Importantly, specific cortical oscillatory patterns recorded via electroencephalography (EEG)—notably theta (θ) and beta-gamma (βγ) frequency bands—have been linked to discrete effects of ketamine such as altered perception, analgesia, and mood modulation. Understanding whether these neurophysiologic signatures can be modulated independently is critical for refining therapeutic strategies and minimizing side effects.
Study Design
This cohort study was a secondary analysis of participant-level data derived from three prospective studies conducted between 2017 and 2023 at the University of Michigan, Stanford University, and the University of Auckland. The combined cohorts included healthy volunteers, elective surgery patients, and individuals diagnosed with depression, all aged 18 years or older.
Participants received either a subanesthetic infusion of ketamine at 0.5 mg/kg over 40 minutes or placebo, administered either during wakefulness or under general anesthesia. The primary outcome measured changes in EEG power spectra across multiple frequency bands, focusing on theta and beta-gamma oscillations, using paired nonparametric statistical analysis (Wilcoxon signed-rank test).
Key Findings
The analysis included 52 participants in the primary cohort (mean age 43.4 years; 65.4% female) and 27 participants in a supplementary cohort (mean age 30.2 years; 55.6% female). Ketamine-induced EEG changes were consistently modulated by GA across all primary cohort participants.

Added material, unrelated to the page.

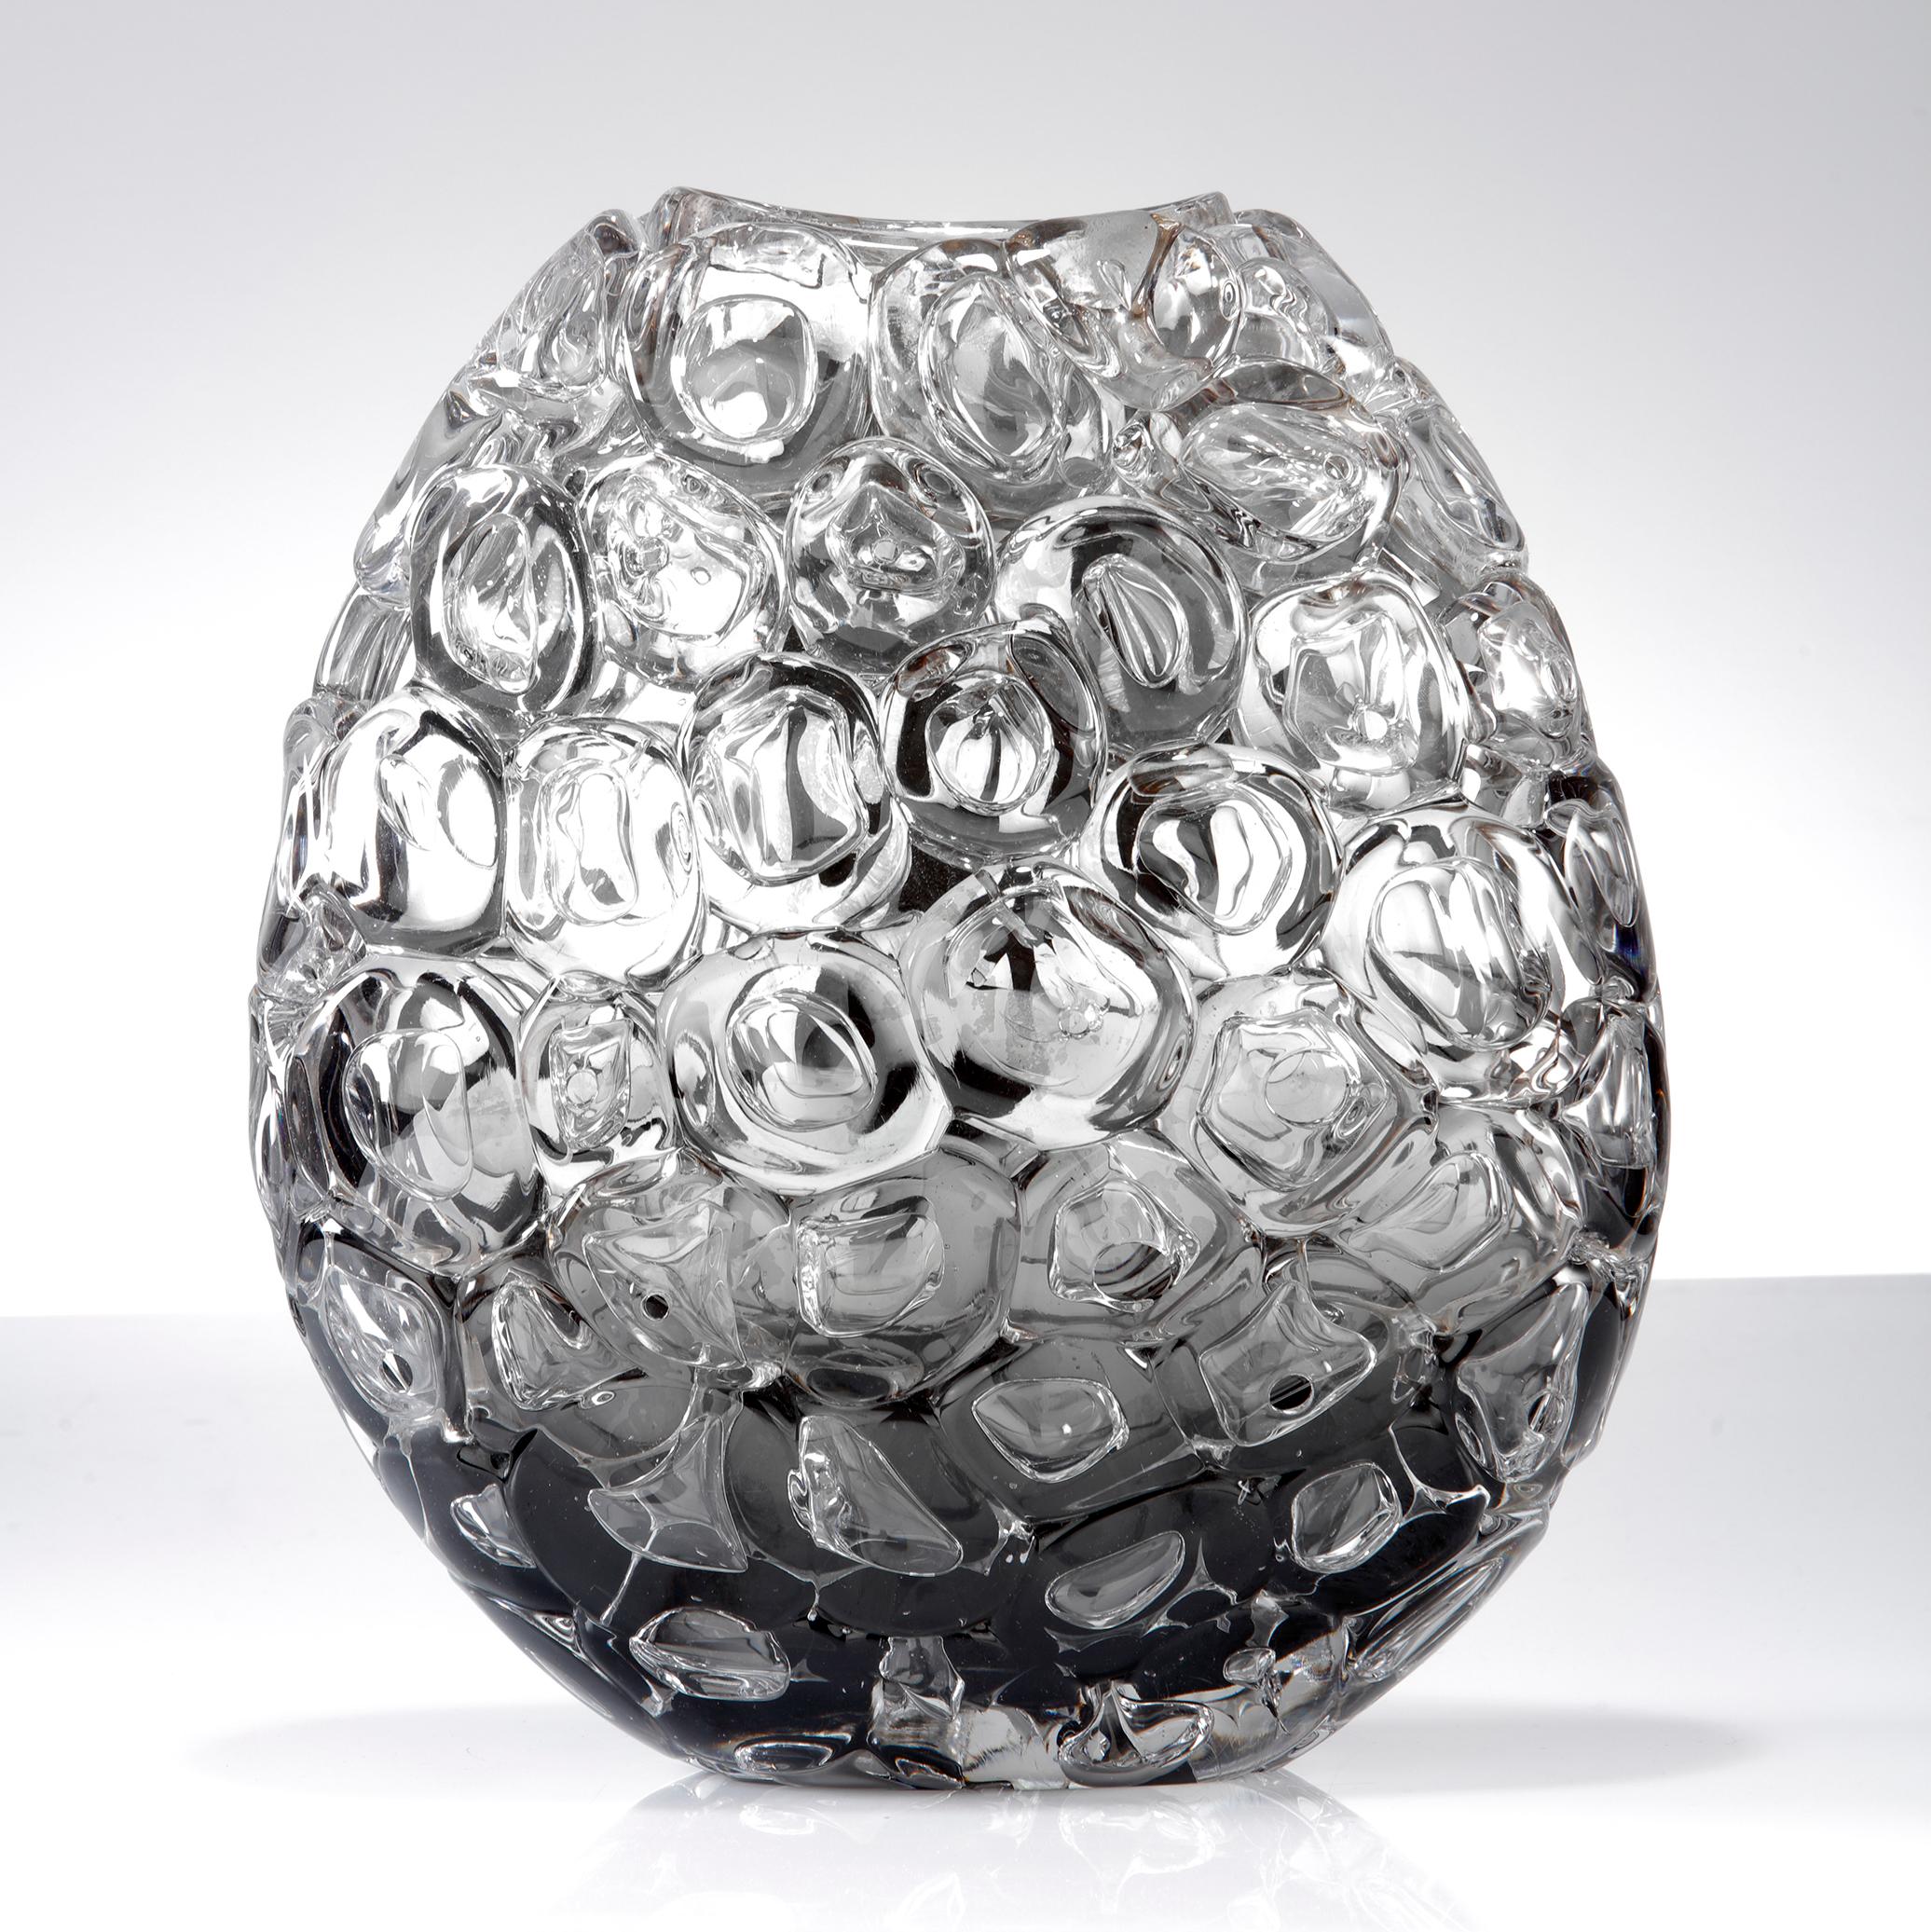 Bubblewrap in Monochrome I is a hand blown and sculpted vase created from clear and grey glass, with a mirrored interior by the British artist Allister Malcolm. Playful yet elegant, Malcolm has formed oversized bubbles on the exterior of this

Specifically, ketamine administered during wakefulness significantly increased theta power (mean increase from 17.3 to 22.9 dB) and beta-gamma power (mean increase from 6.3 to 11.6 dB). Under general anesthesia, however, the theta augmentation observed during awake ketamine infusion was not evident; theta power nonsignificantly decreased during ketamine administration (from 29.0 to 27.8 dB). Conversely, beta-gamma oscillation modulation by ketamine was preserved during anesthesia, with an increase from 8.5 to 11.2 dB comparable to the awake condition.

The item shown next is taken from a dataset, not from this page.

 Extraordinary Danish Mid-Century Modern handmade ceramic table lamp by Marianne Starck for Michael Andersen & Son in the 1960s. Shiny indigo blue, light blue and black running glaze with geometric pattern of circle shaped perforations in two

This dissociation suggests that ketamine’s neurophysiologic effects tied to beta-gamma oscillations are independent of conscious awareness, whereas theta augmentation appears related to cortical activity disrupted by anesthesia-induced unconsciousness.
Expert Commentary
These findings provide valuable mechanistic insight into how ketamine’s distinct oscillatory signatures relate to its multifaceted behavioral effects. The preservation of beta-gamma modulation under anesthesia may underpin ketamine’s analgesic and possibly antidepressant actions that do not require conscious perception, whereas theta oscillations may be more connected with dissociative and perceptual experiences requiring intact consciousness.

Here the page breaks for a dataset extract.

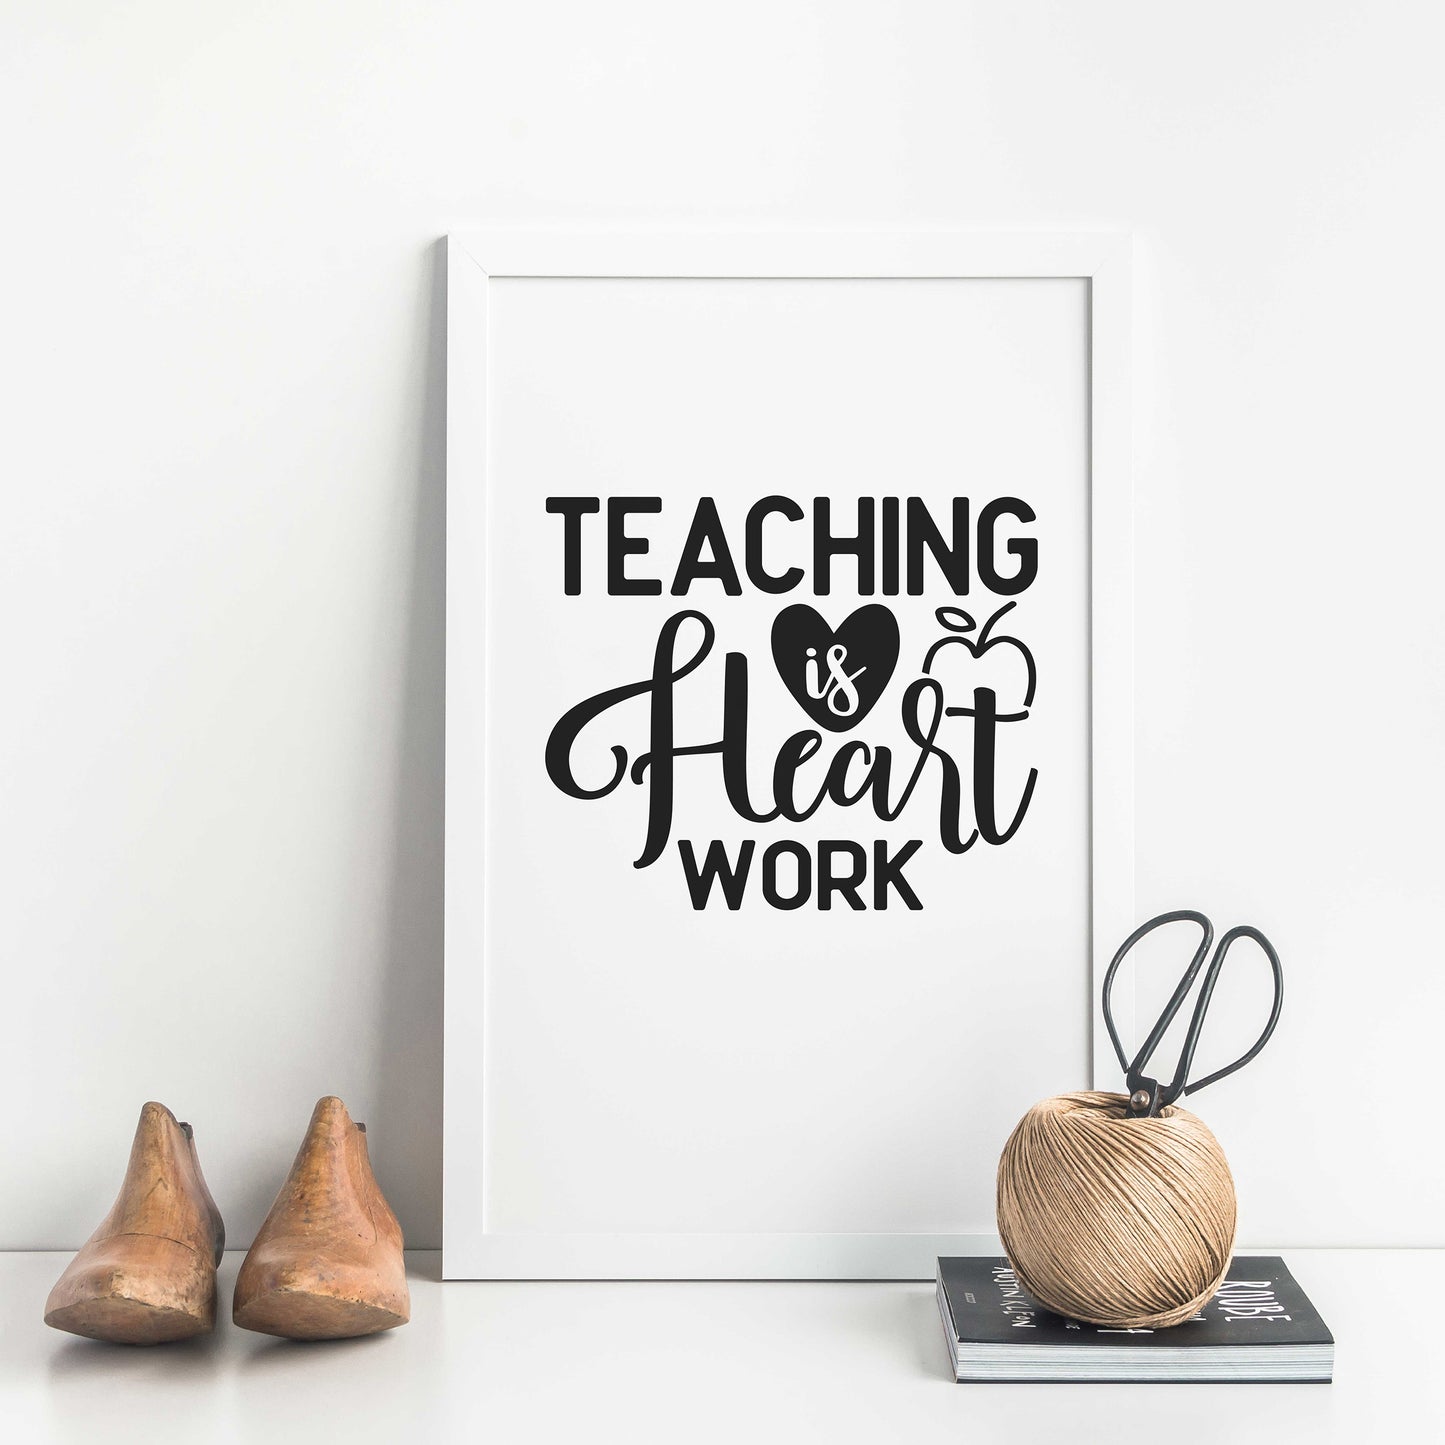 "Teaching is Heart Work" Graphic

Expert opinion underscores the translational potential of this work: selectively modulating specific neurophysiologic pathways could inform development of novel treatments that maximize ketamine’s therapeutic benefits while mitigating adverse psychoactive effects. The study, however, is limited by sample size, heterogeneity of participant groups, and indirect neurophysiologic inference from surface EEG. Further research employing advanced neuroimaging and larger, more homogenous cohorts is warranted.
Conclusion
This investigation distinguishes discrete neurophysiologic components of ketamine’s action by showing that general anesthesia dissociates the theta and beta-gamma EEG signatures associated with ketamine’s effects. This delineation advances understanding of ketamine’s mechanism of action and supports potential targeted interventions to enhance clinical outcomes in anesthesia, pain management, and psychiatry.
By parsing the neural substrates underpinning ketamine’s diverse actions, clinicians and researchers may better tailor dosing, coadministration strategies, and drug development efforts toward more efficacious and tolerable therapies in neuropsychiatric and perioperative care.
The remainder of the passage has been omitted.